12. Eilipsometer according to one of claims 8 to 11, characterized in that the lighting arrangement comprises beam shaping means for illuminating sample areas of interest in the correct shape.

13. Eilipsometer according to claim 12, characterized in that the lighting arrangement comprises a cylindrical lens (16; 27) or a corresponding mirror optic through which the illuminating light can be guided onto a strip-shaped sample area (10a).

14. Eilipsometer according to one of claims 8 to 13, characterized in that the detector (12; 30) is designed as a line detector extended perpendicular to the direction of movement of the sample, in which a plurality of adjacent detector elements as a strip-shaped detector reading area (12a) are definable.

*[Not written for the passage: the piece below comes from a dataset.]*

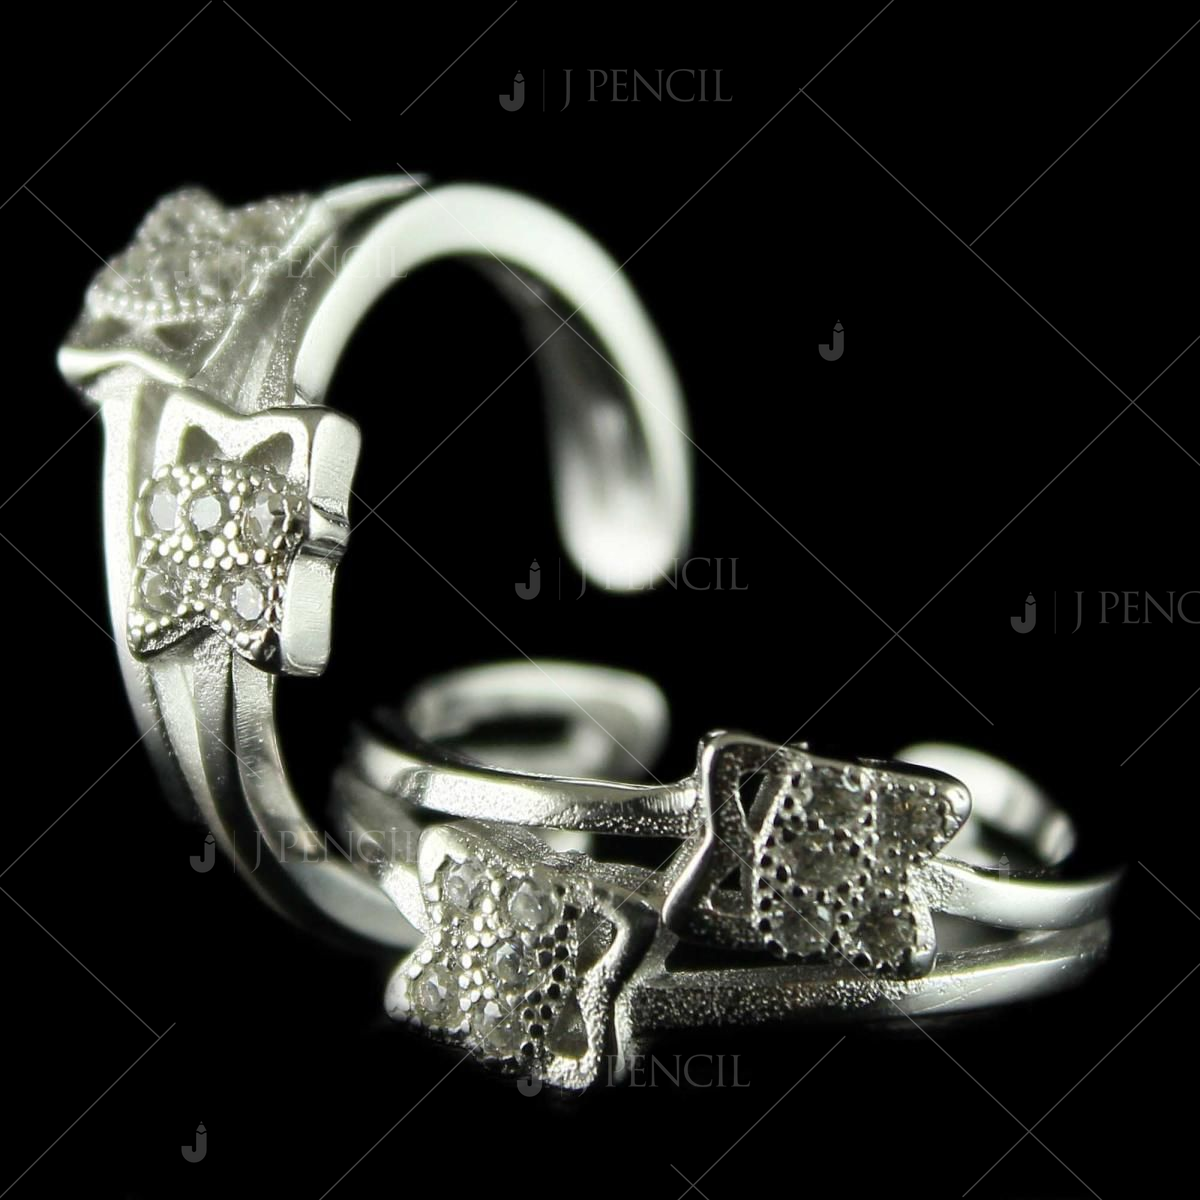 99% Fancy Nang Chain Silver Toe Ring, Size: 6 mm (dia) at Rs 65/gram in  Rajkot

15. Eilipsometer according to one of claims 13 or 14, characterized in that the cylinder optics (27) is arranged such that the illuminating light (40) has a beam waist in the test plane.

16. Eilipsometer according to one of claims 13 or 15, characterized in that the lighting arrangement is a light source (21) and before of the cylinder optics arranged beam expansion means (23, 24) for generating an expanded, parallel light beam.

17. Eilipsometer according to one of claims 13 or 16, characterized in that the lighting arrangement has polarization-influencing light guide means (25, 26) which are arranged between the beam expansion means (23, 24) and the cylinder optics (27).

18. Eilipsometer according to one of claims 13 or 17, characterized in that the lighting arrangement has polarization-influencing light guide means (25, 26) which are arranged between the light source (21) and the beam expansion means (23, 24).

19. Eilipsometer according to one of claims 8 to 18, characterized in that the detector is designed as an area detector, from which a detector reading area corresponding to a sample area of interest can be defined.

20. Quality assurance module for the detection of manufacturing defects in a product manufacturing device comprising an egg lipometer according to one of claims 8 to 19 and suitable for carrying out a method according to one of claims 1 to 7.